**What needs to be done:** Transcribe everything in the listing as written, and let no image into the copy.

**Source data:**

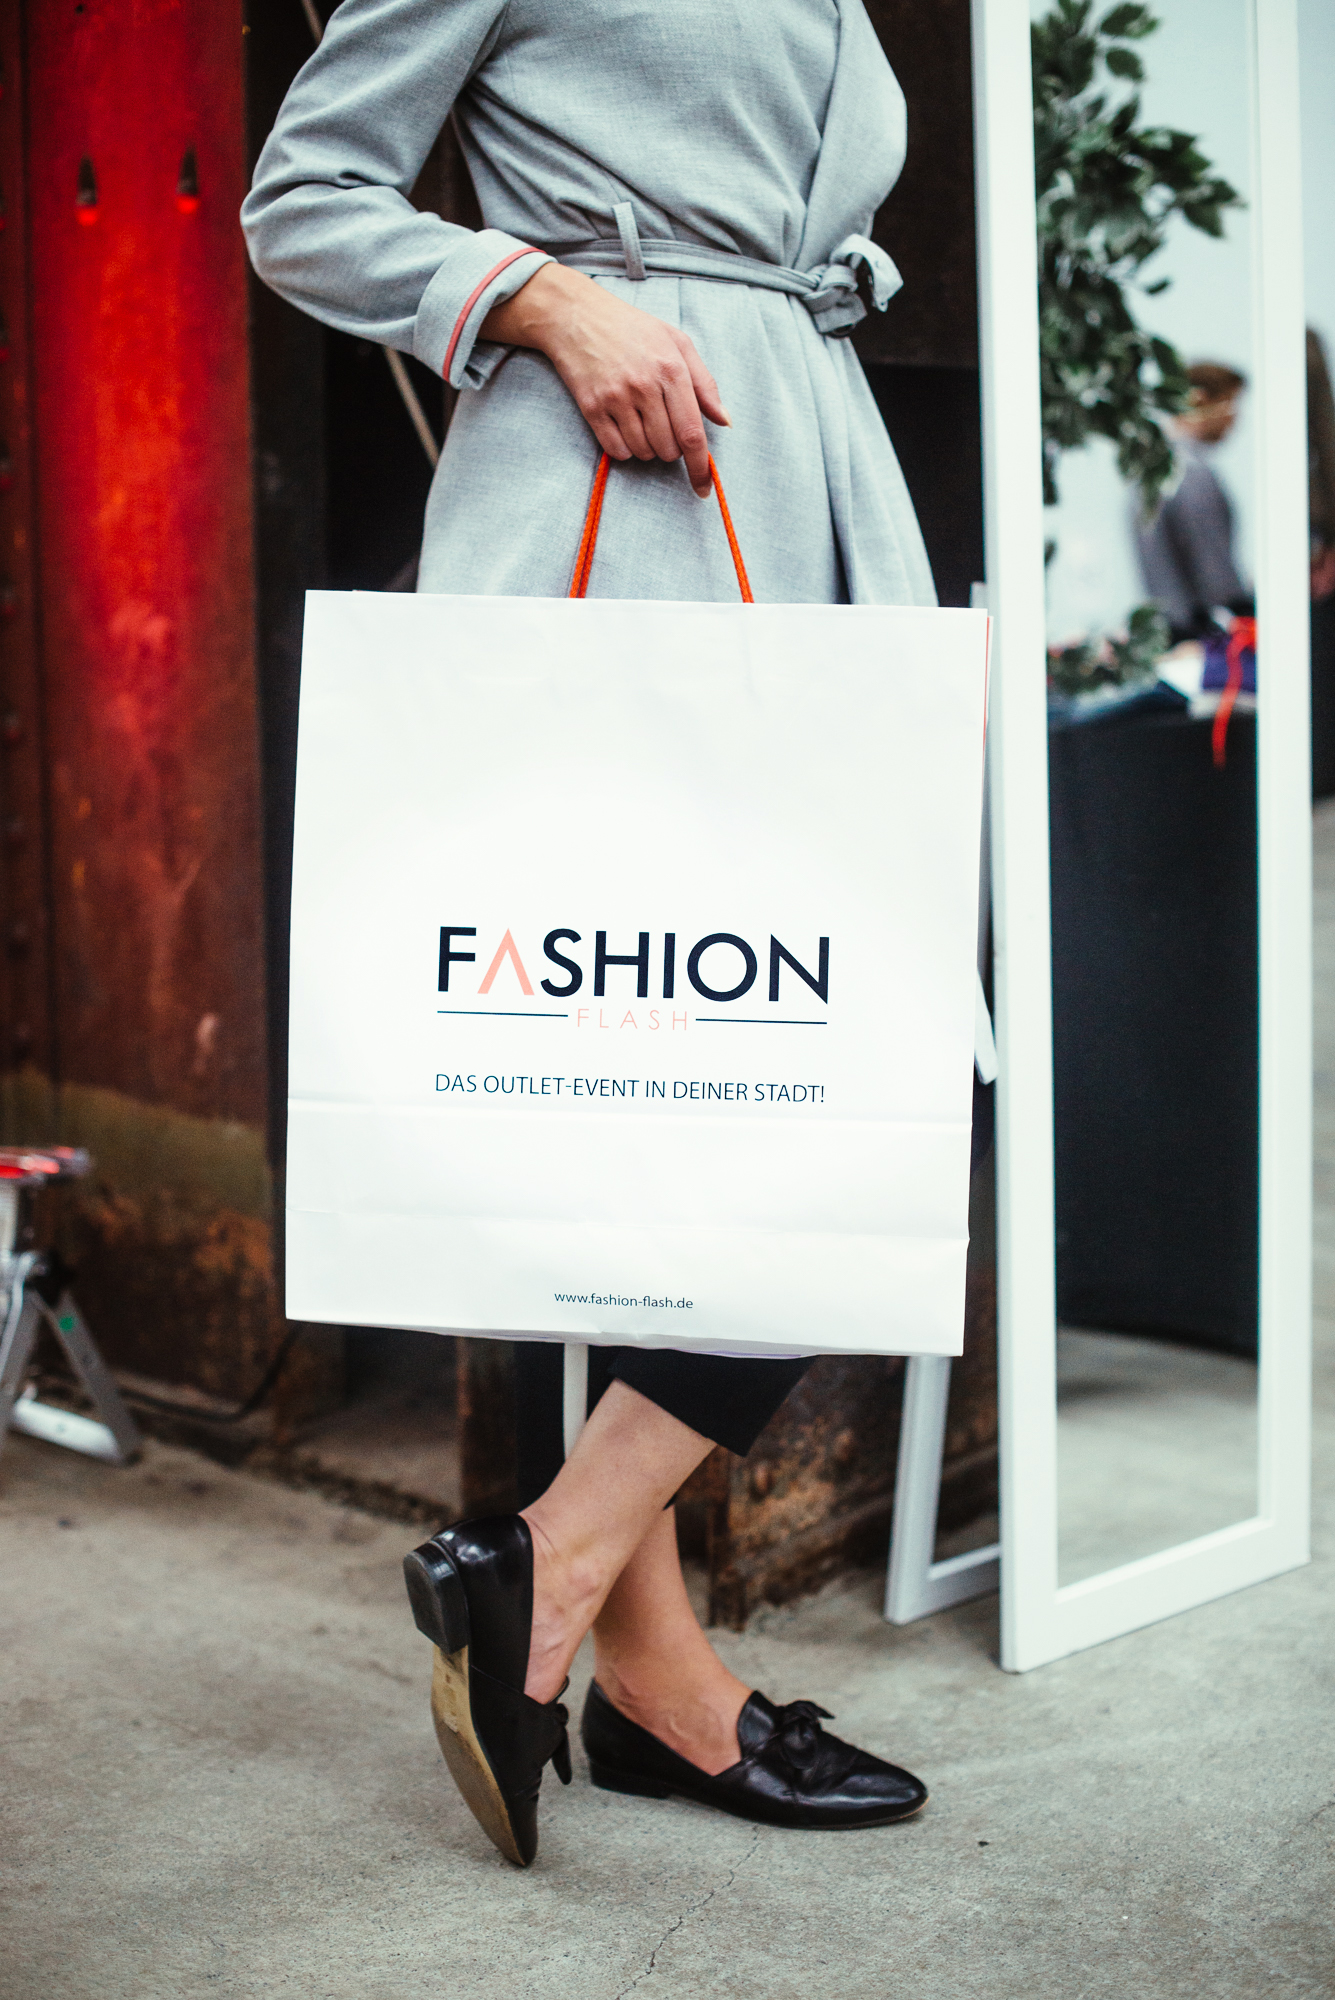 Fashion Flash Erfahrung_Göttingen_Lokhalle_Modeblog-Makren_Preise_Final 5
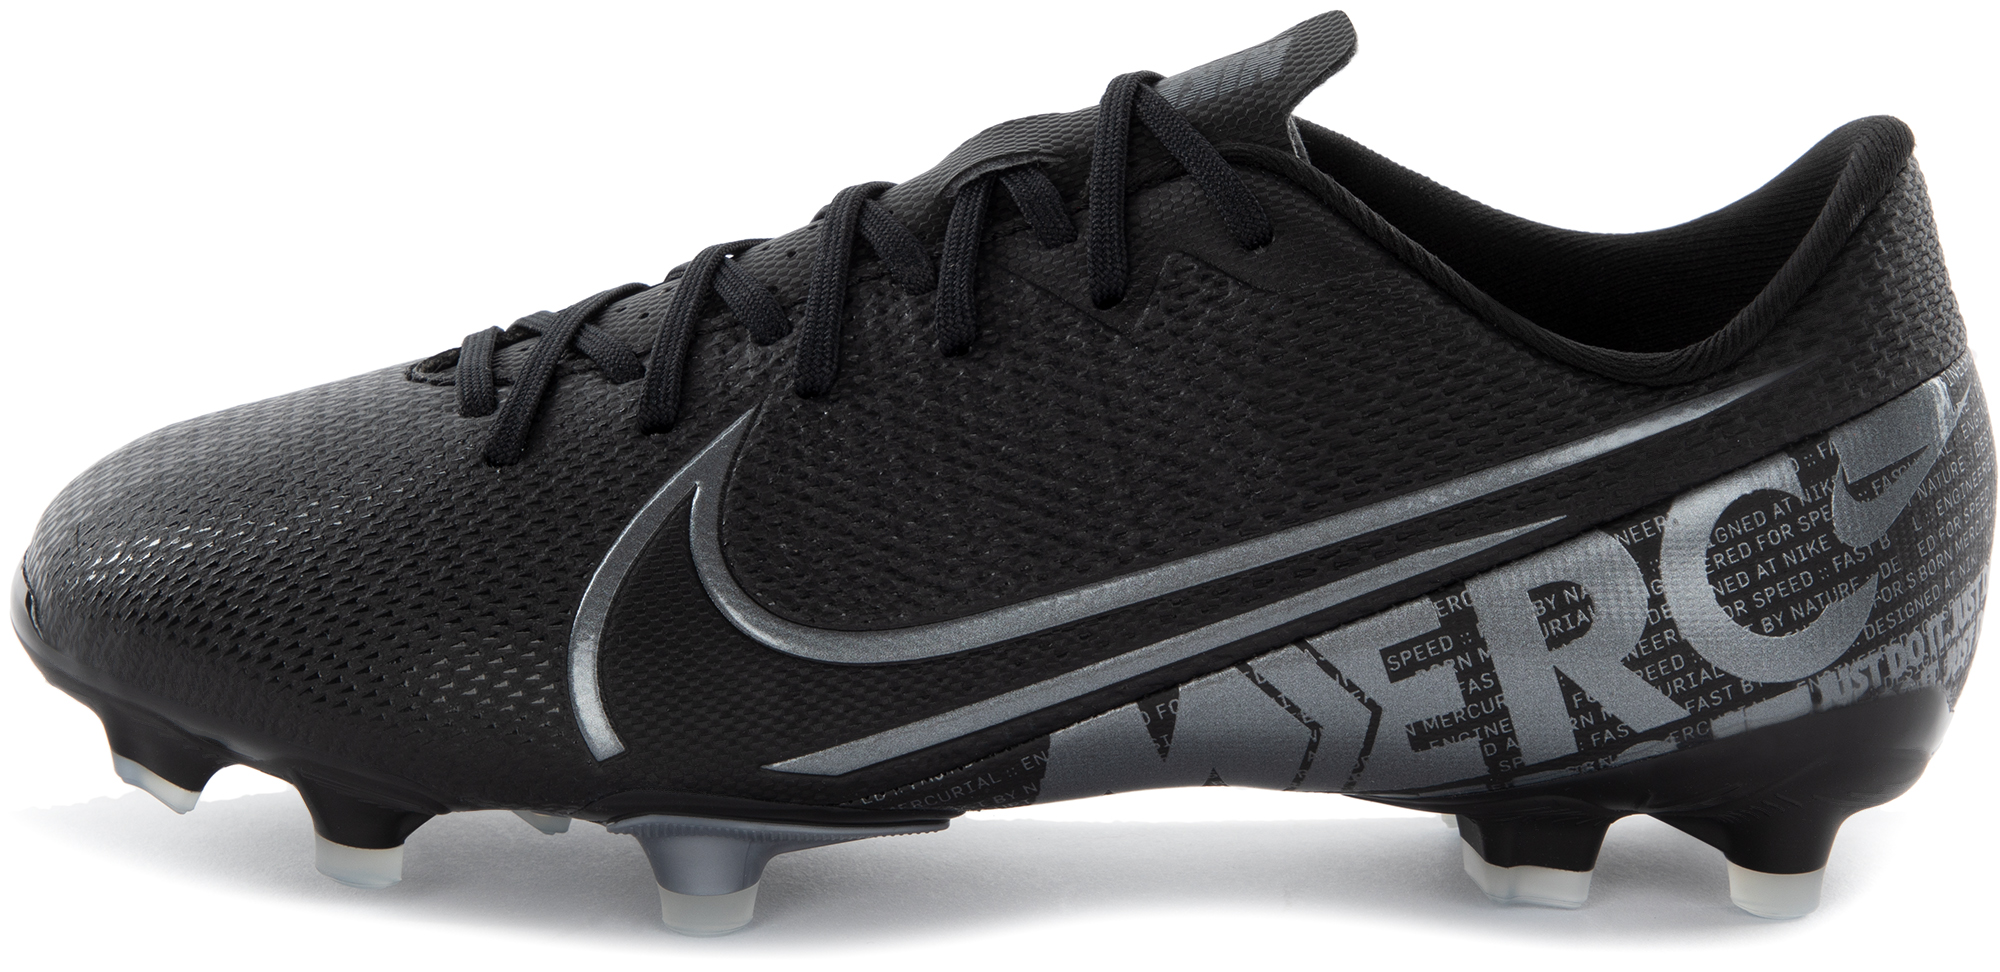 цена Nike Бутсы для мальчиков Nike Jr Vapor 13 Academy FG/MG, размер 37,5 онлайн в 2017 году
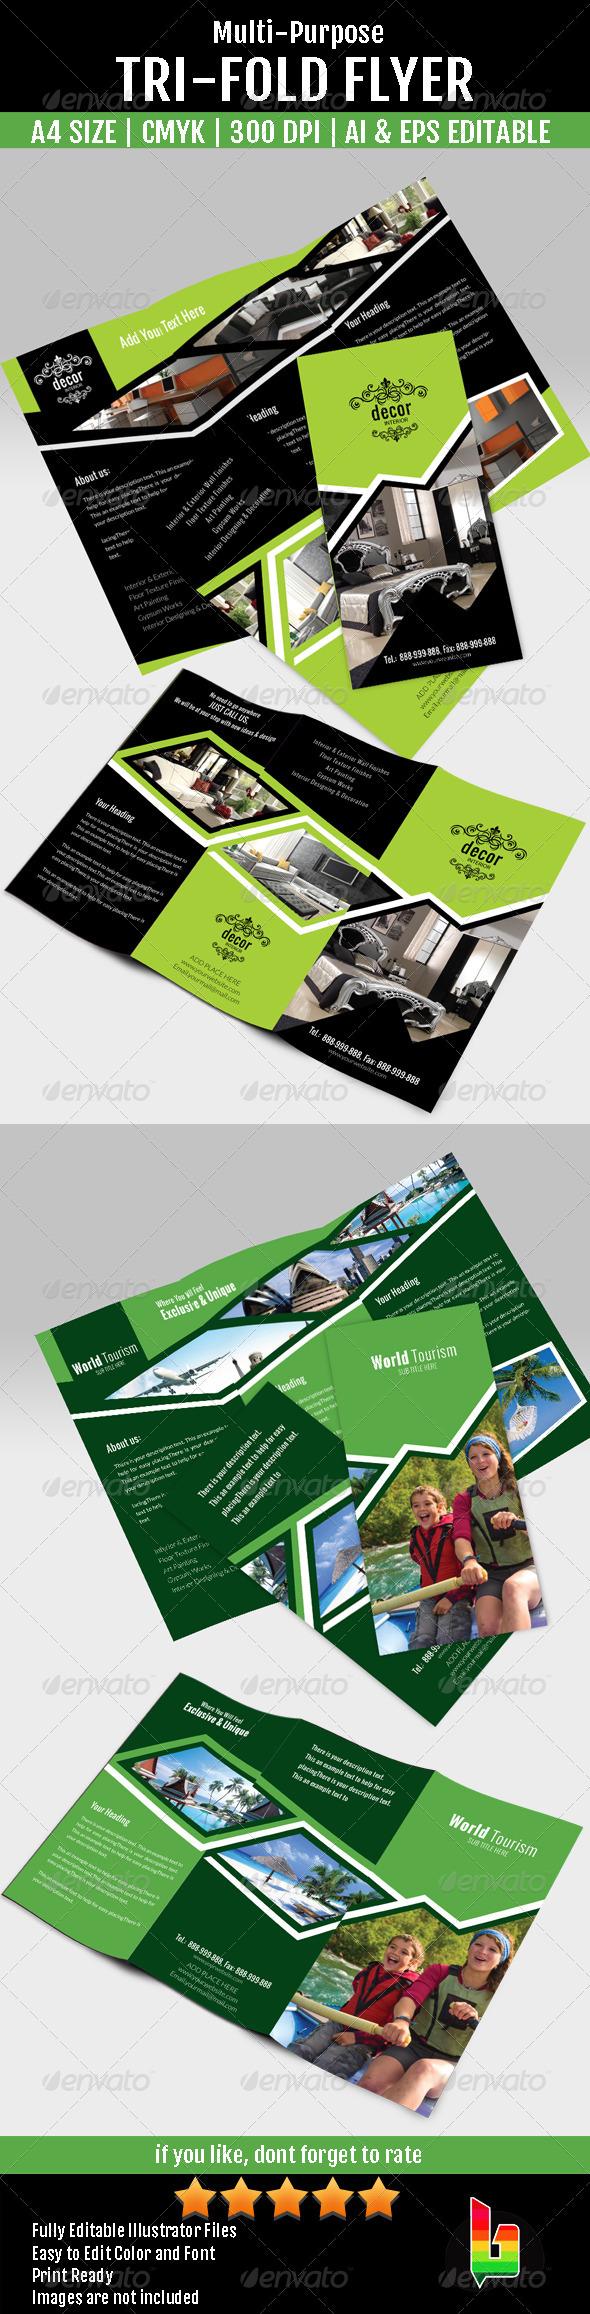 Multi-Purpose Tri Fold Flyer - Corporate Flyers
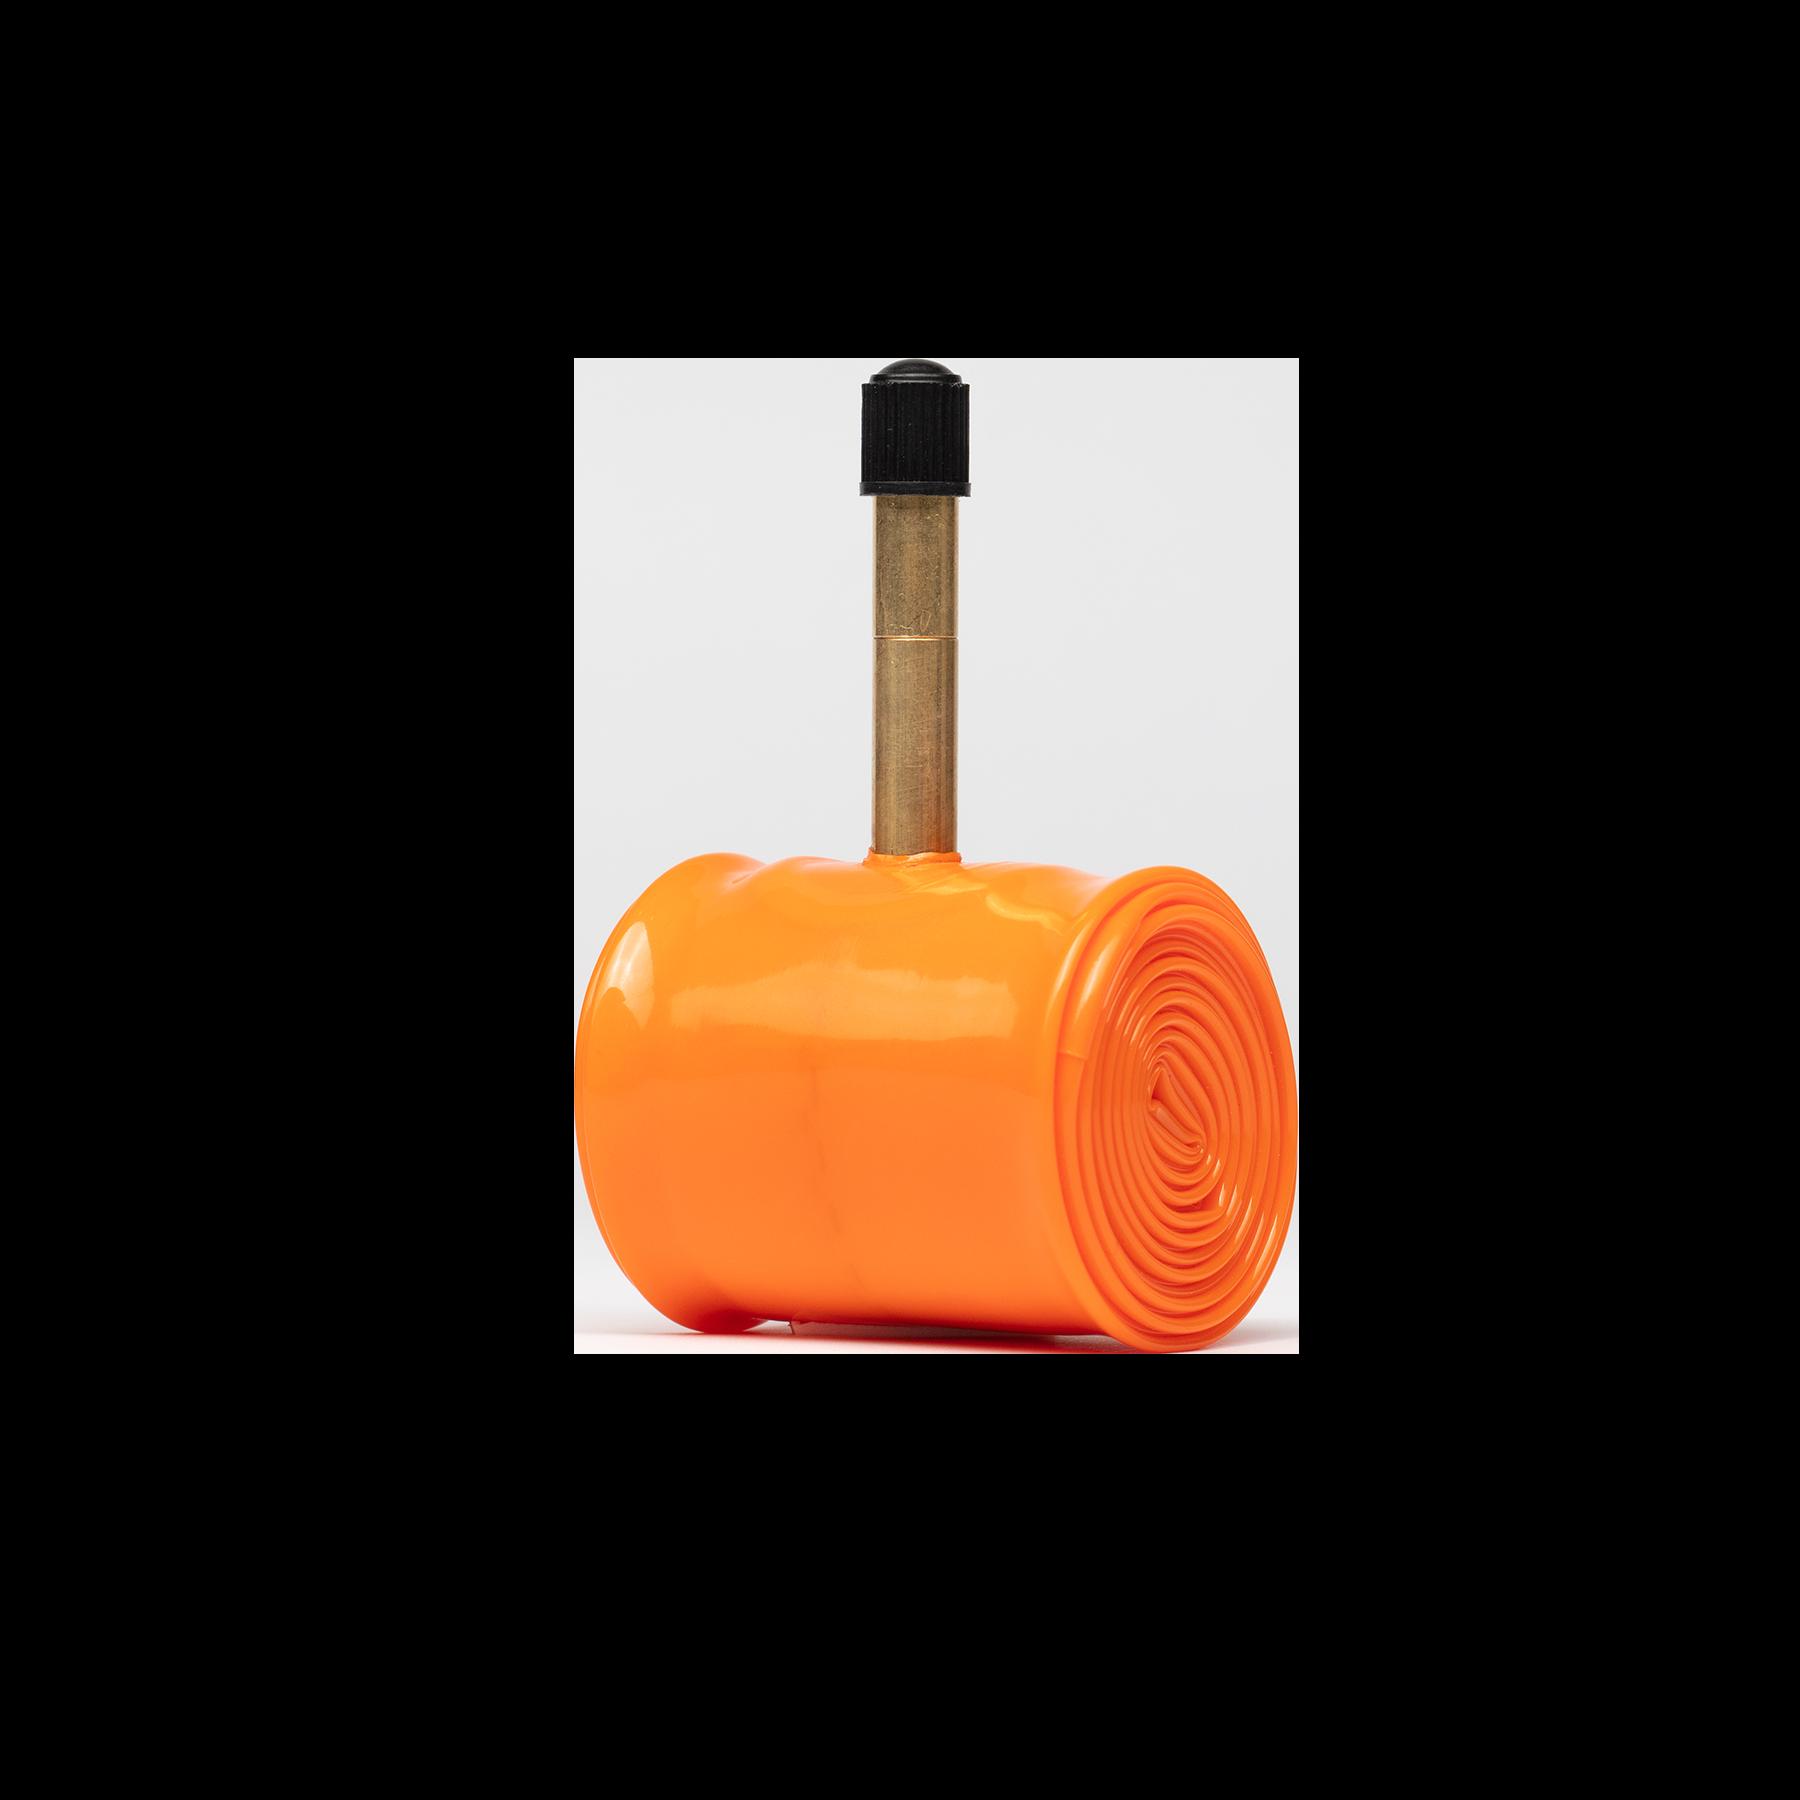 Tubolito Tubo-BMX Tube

**Reply:**
 Fashion Flash Erfahrung_Göttingen_Lokhalle_Modeblog-Makren_Preise_Final 5
 цена Nike Бутсы для мальчиков Nike Jr Vapor 13 Academy FG/MG, размер 37,5 онлайн в 2017 году
 Multi-Purpose Tri Fold Flyer - Corporate Flyers
 Tubolito Tubo-BMX Tube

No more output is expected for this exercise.